Interaction with other drugs
Ascorbic acid - increases the concentration in the blood of benzylpenicillin and tetracyclines; - improves the absorption in the intestines of iron preparations (converts trivalent iron to bivalent); can increase the excretion of iron with simultaneous use with deferoxamine - increases the risk of crystalluria in the treatment of short-acting salicylates and sulfonamides, slows the kidneys excretion of acids, increases the excretion of drugs with alkaline reactions (including alkaloids), reduces the concentration of oral contraceptives .- increases the overall clearance of ethanol; - with simultaneous use reduces the chronotropic effect of isoprenaline. It can both increase and decrease the effect of anticoagulant drugs. Reduces the effects of the anti-psychotic drugs. increase the risk of side effects (urinary retention, dry mouth, hard ry). Glucocorticosteroids - increase the risk of developing glaucoma. Ethanol enhances the sedative effect of chlorphenamine maleate. Paracetamol When paracetamol interacts with inducers of microsomal oxidation in the liver (phenytoin, ethanol, barbiturates, rifampicin, phenylbutazone,tricyclic antidepressants) increases the production of hydroxylated active metabolites, which makes it possible to develop severe intoxication with small overdose. On the background of paracetamol intake, ethanol contributes to the development of acute pancreatitis. paracetamol increases the concentration in the blood plasma of the latter by 50%, increasing hepatotoxicity. The simultaneous reception of barbiturates reduces the effectiveness of paracetamol. Paracetamol reduces the effectiveness of uricosuric drugs.
special instructions
When taking metoclopramide, domperidone or colestiramine, you should also consult with your doctor.
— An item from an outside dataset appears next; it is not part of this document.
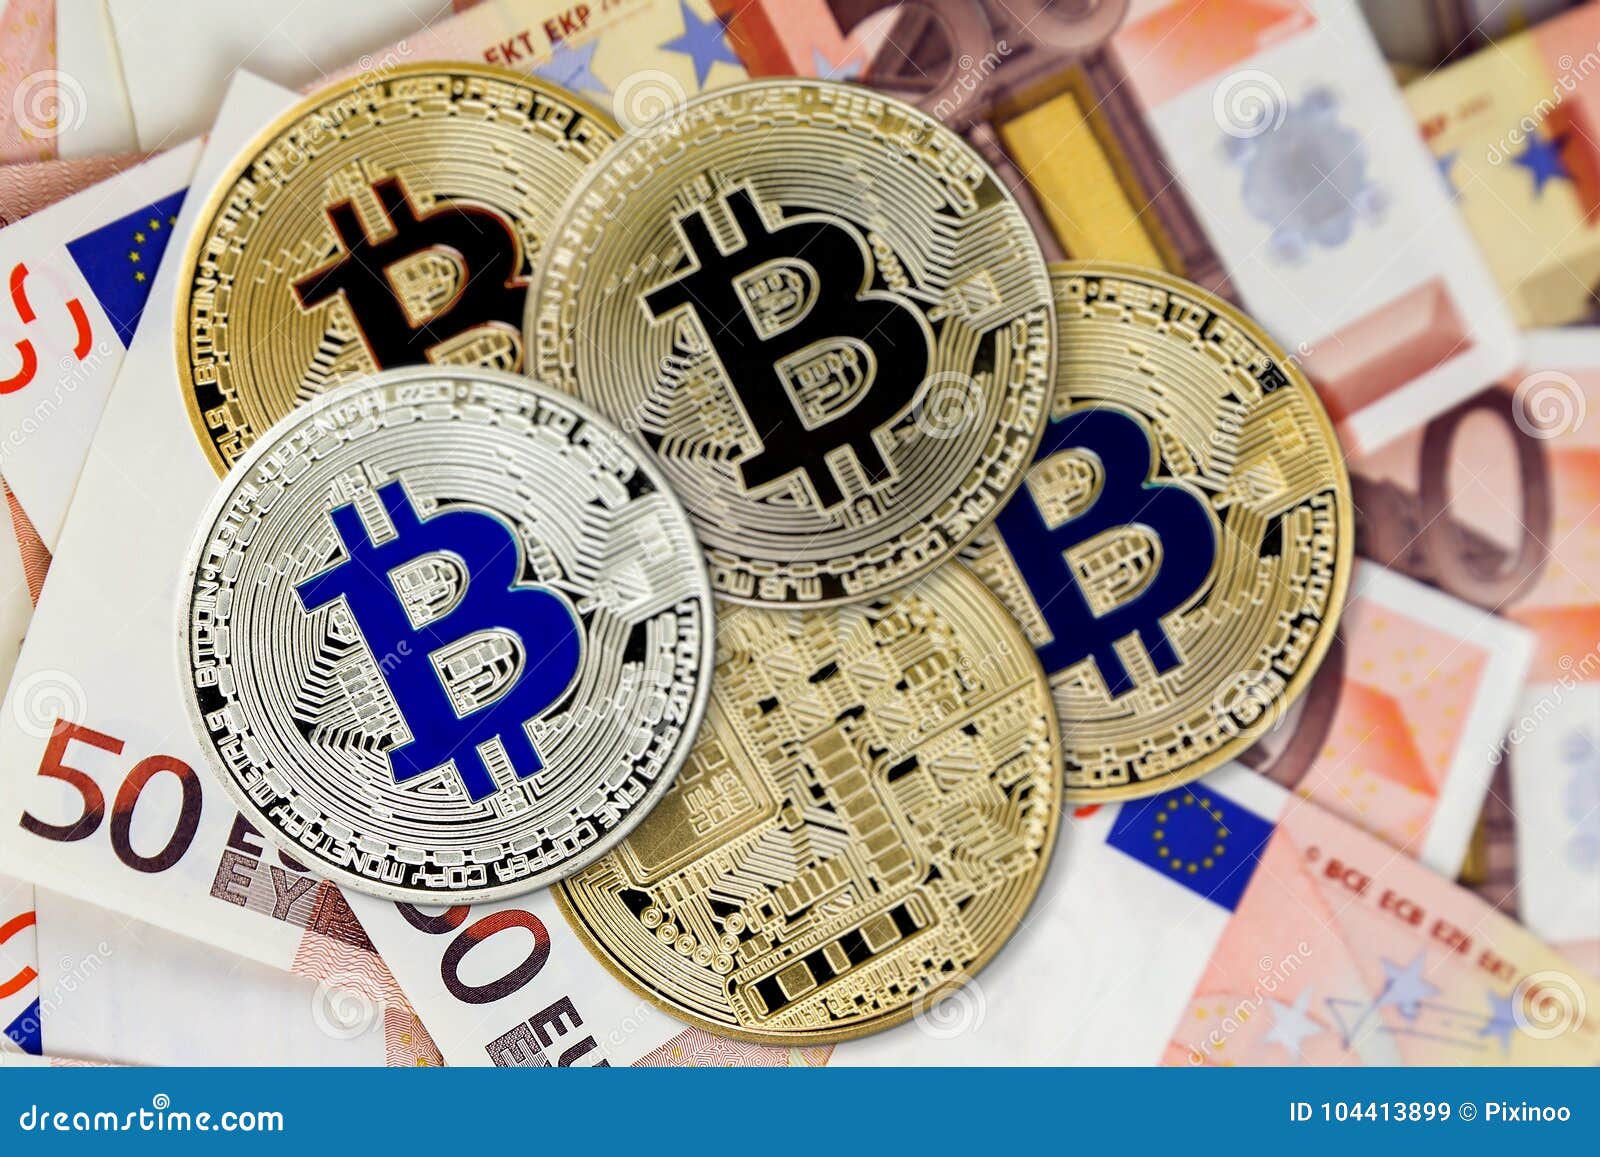 Bitcoin Virtual Coins On Euros Banknotes. Closeup, Macro ...

With long-term use in doses much higher than recommended, the likelihood of impaired liver and kidney function increases, control of the peripheral blood picture is necessary. Paracetamol and ascorbic acid may distort laboratory test results plasma glucose and uric acid, bilirubin, activity of hepatic transaminases, LDH). In order to avoid toxic CONTROL liver paracetamol should not be combined with the admission of alcoholic beverages, as well as to make people prone to chronic alcohol consumption. The risk of liver damage increases in patients with alcoholic hepatosis. Appointment of ascorbic acid to patients with rapidly proliferating and intensely metastatic tumors may aggravate the process. In patients with a high content of iron in the body, ascorbic acid should be used in minimal doses. In one sachet of honey-lemon contains 1.793 g of sugar, which corresponds to 0.15 XE. In one sachet of chamomile contains 2.058 g of sugar, which corresponds to 0.17 XE.